▸ **Supplied information**:
•••••
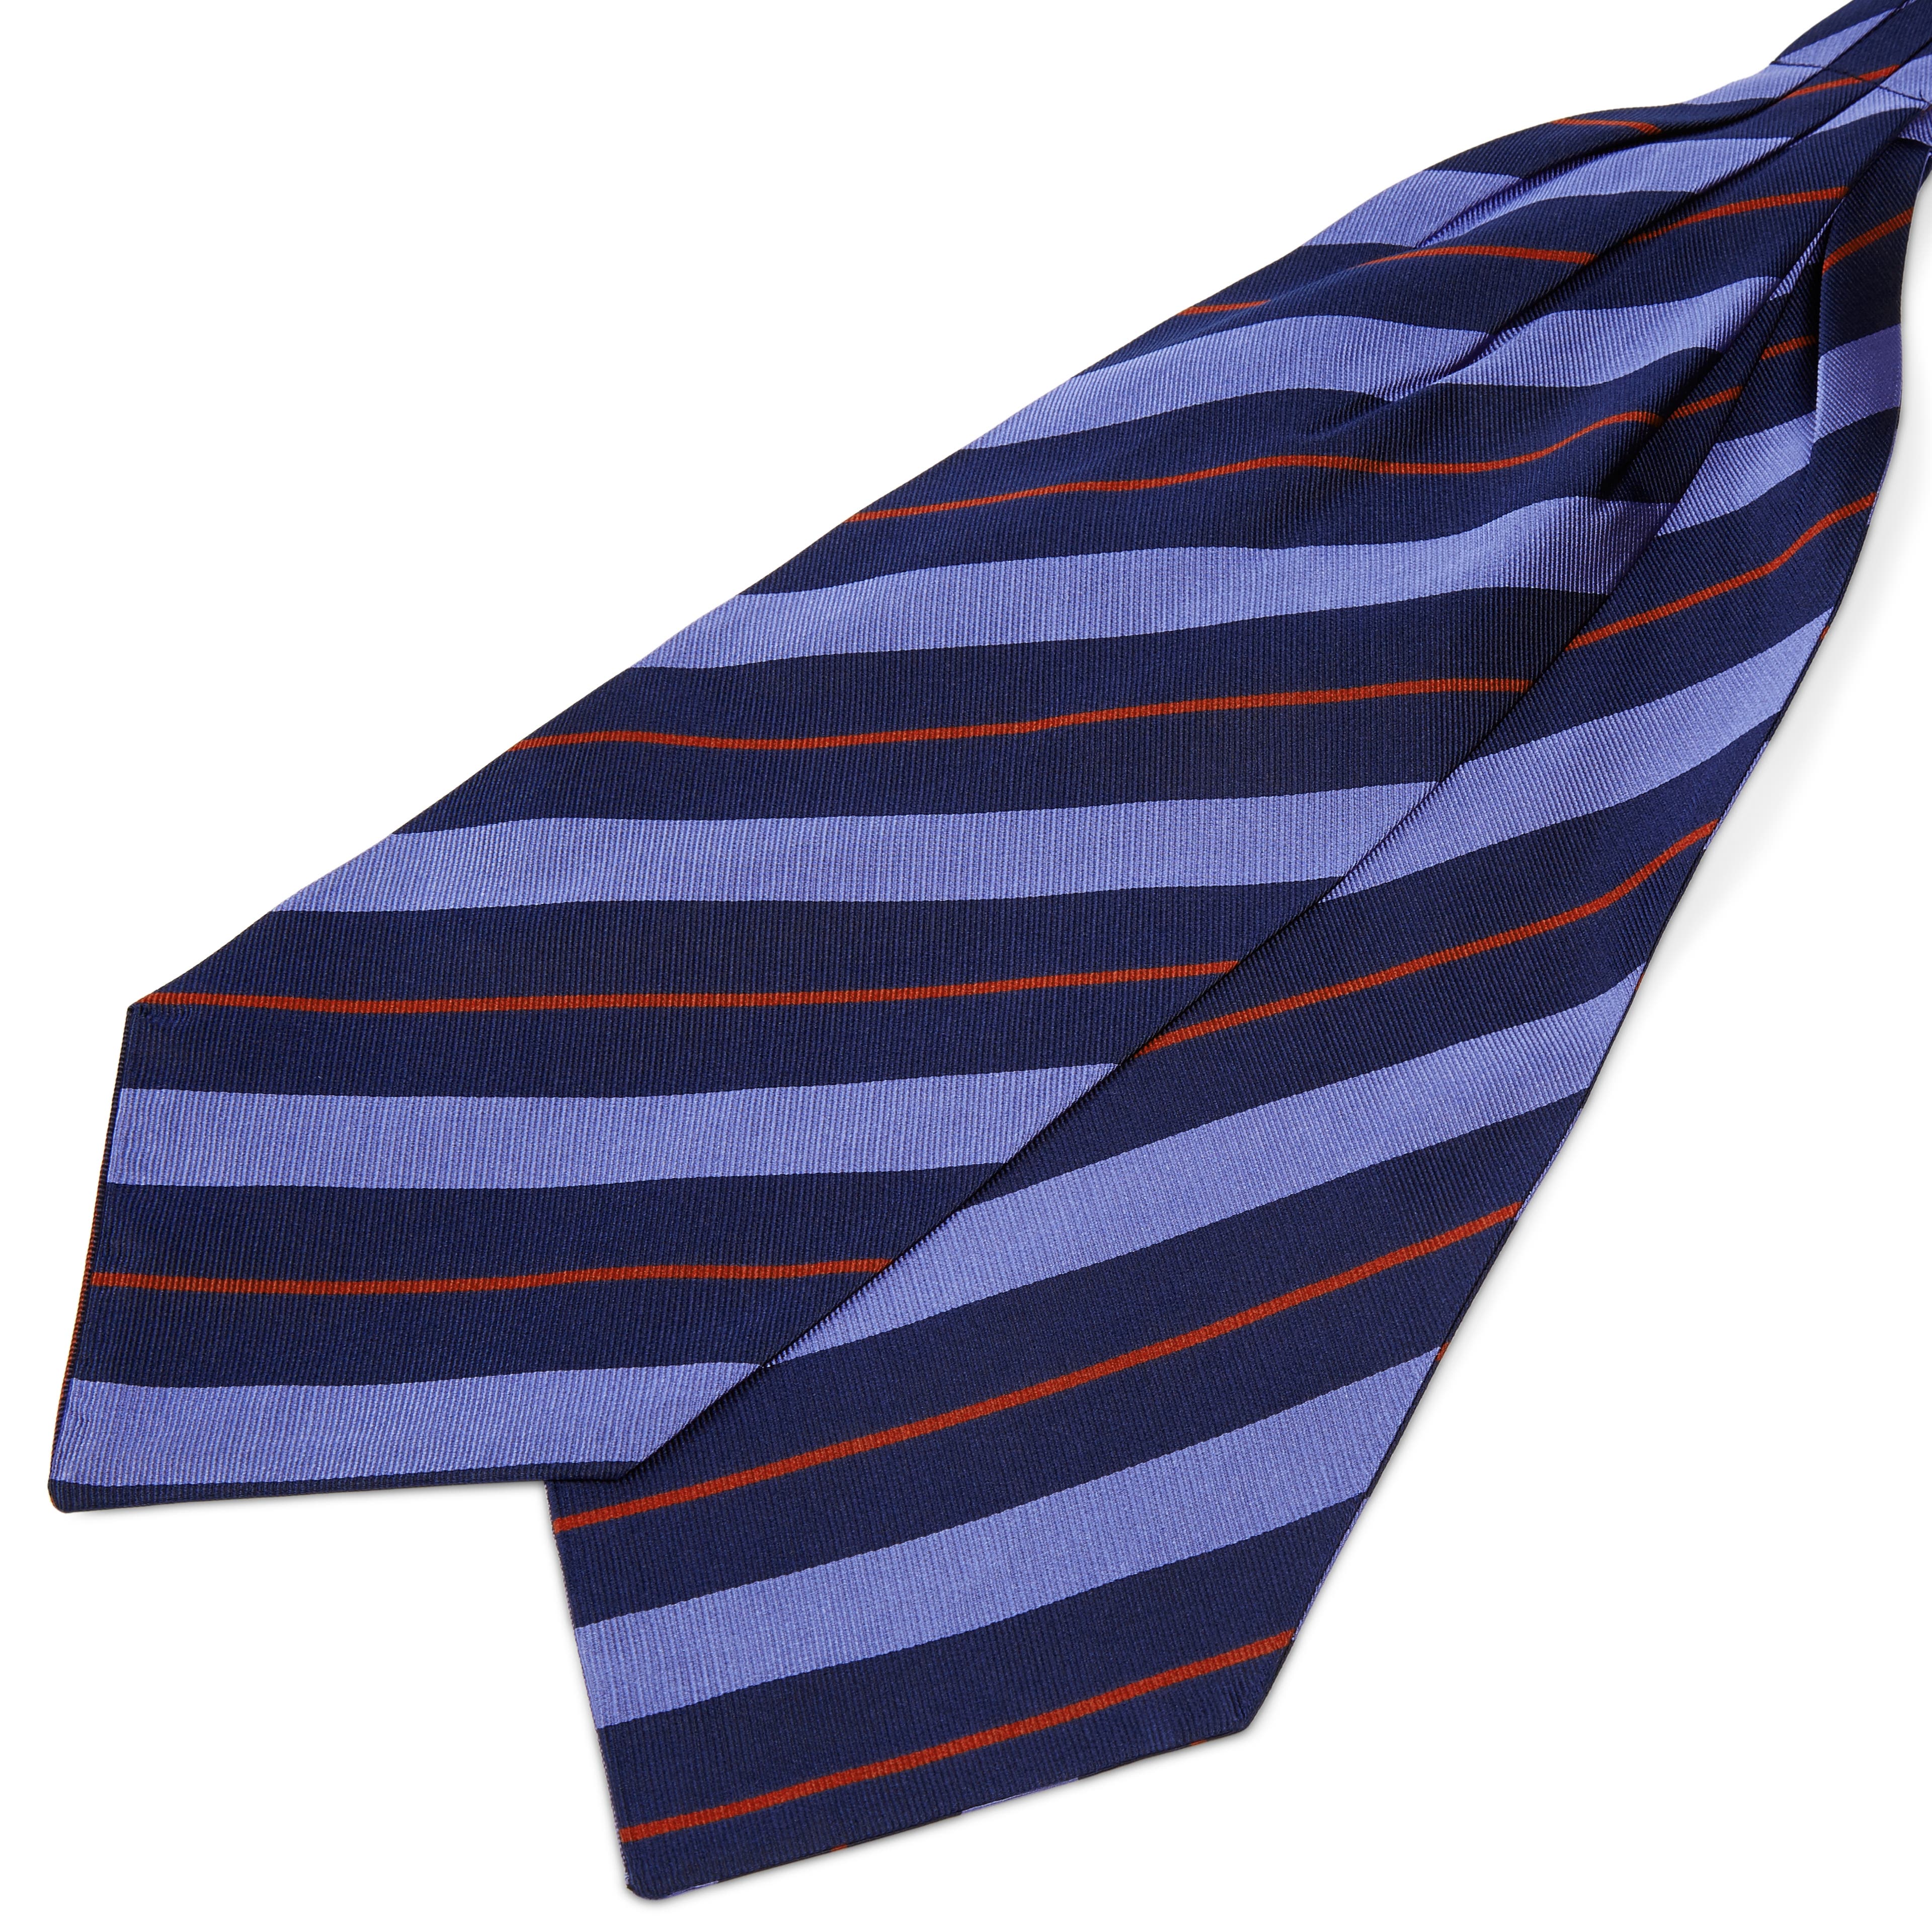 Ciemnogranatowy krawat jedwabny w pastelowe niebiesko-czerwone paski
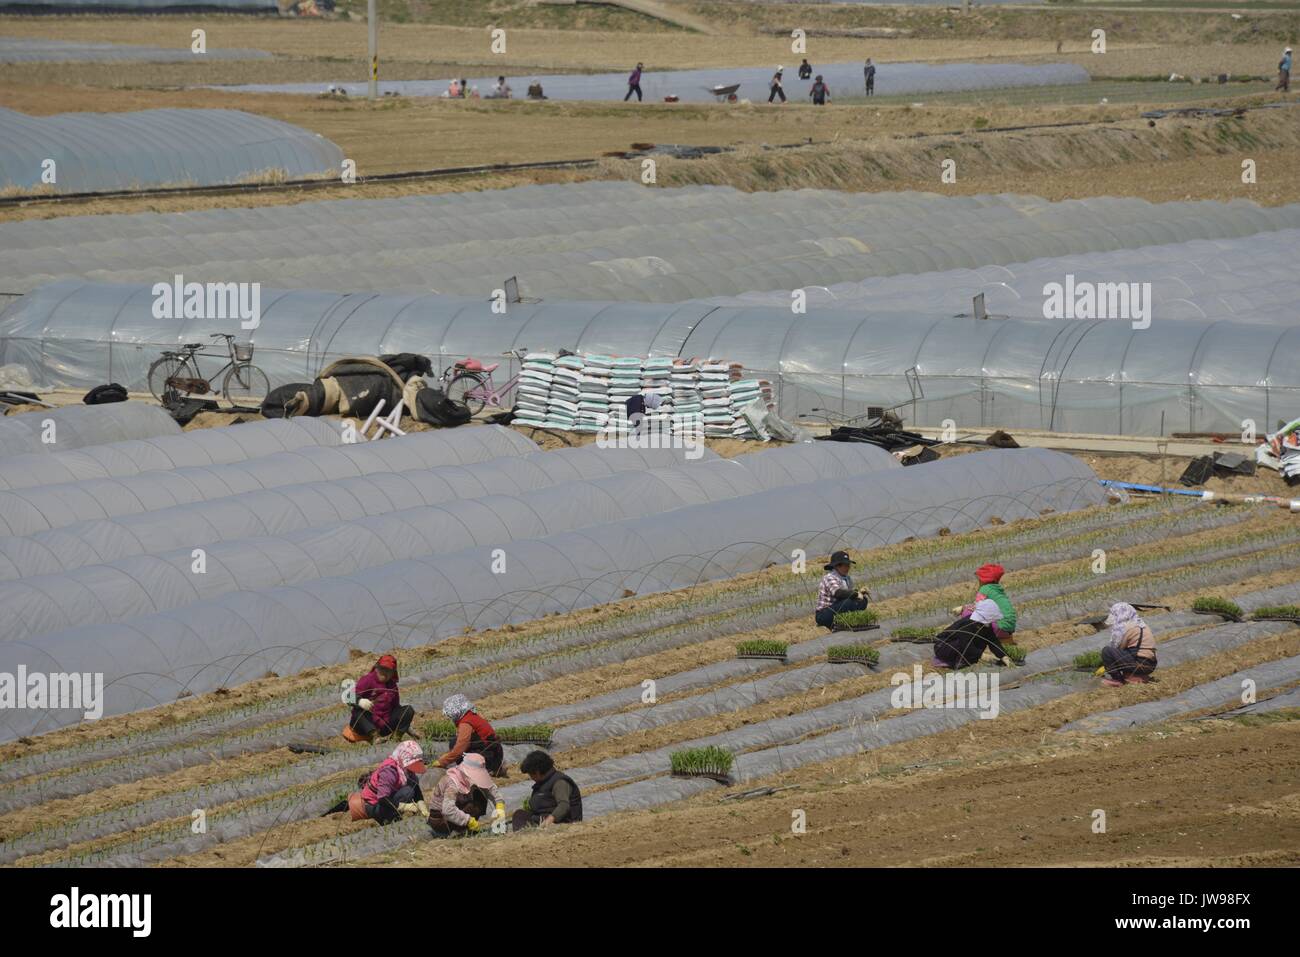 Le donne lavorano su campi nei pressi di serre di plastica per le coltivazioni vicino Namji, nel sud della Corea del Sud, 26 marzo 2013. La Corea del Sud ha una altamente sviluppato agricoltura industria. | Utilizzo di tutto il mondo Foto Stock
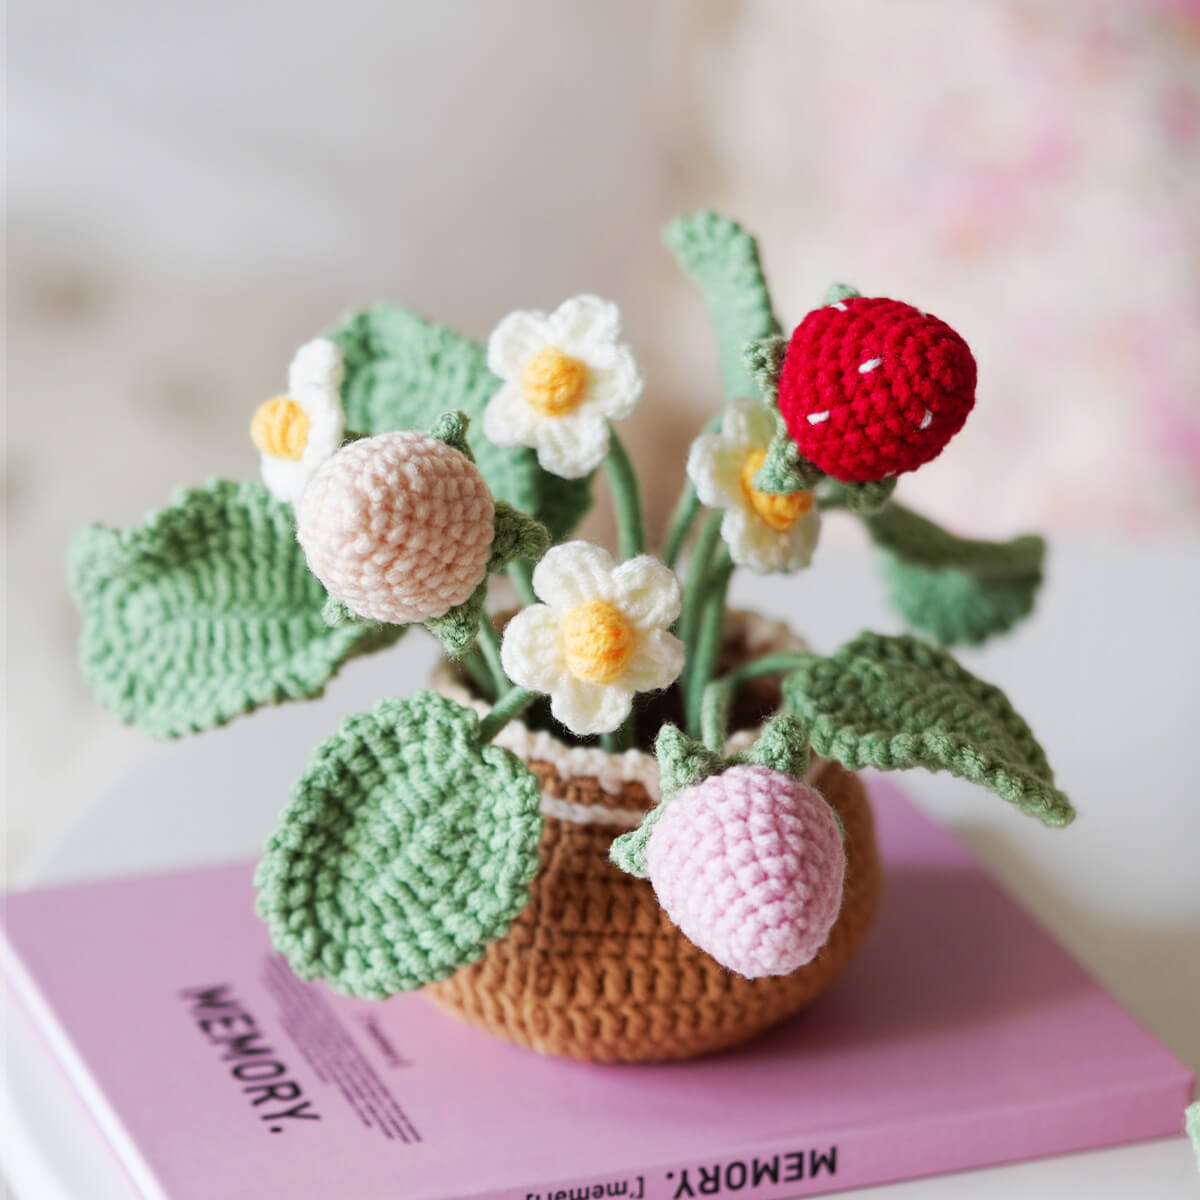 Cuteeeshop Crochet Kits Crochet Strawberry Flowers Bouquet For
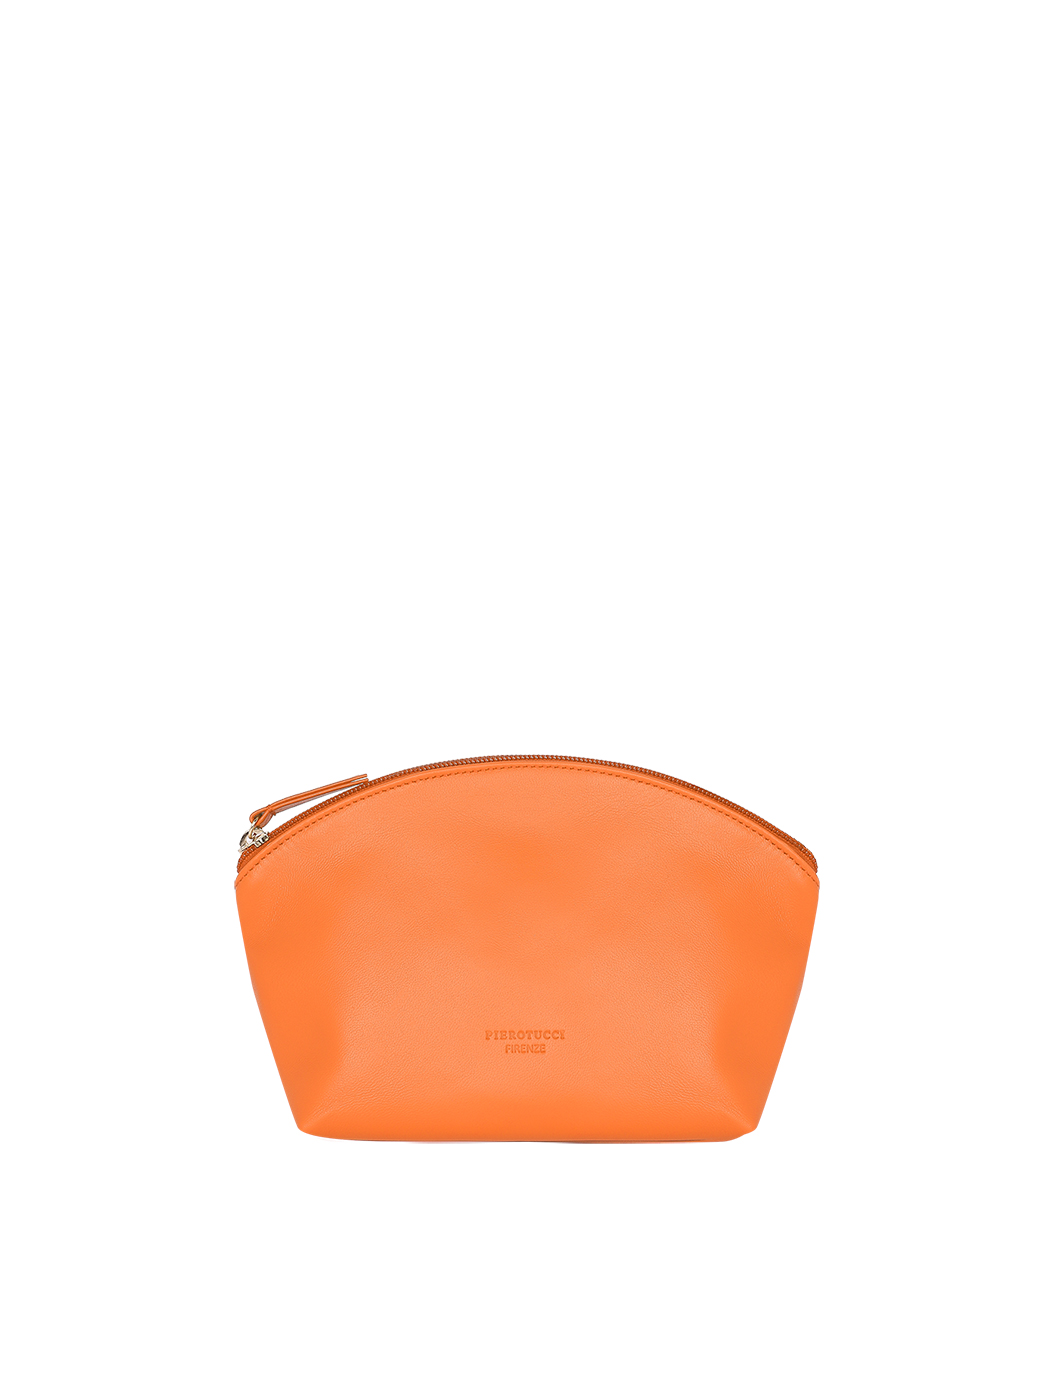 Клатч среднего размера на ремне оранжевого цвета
•••••
▸ **About this exercise**: While leaving pictures out, reproduce exactly the lines from the beginning of the listing above through the line containing "Le donne lavorano", both ends included.

▸ **Exercise answer**:
 Ciemnogranatowy krawat jedwabny w pastelowe niebiesko-czerwone paski
 Le donne lavorano su campi nei pressi di serre di plastica per le coltivazioni vicino Namji, nel sud della Corea del Sud, 26 marzo 2013. La Corea del Sud ha una altamente sviluppato agricoltura industria. | Utilizzo di tutto il mondo Foto Stock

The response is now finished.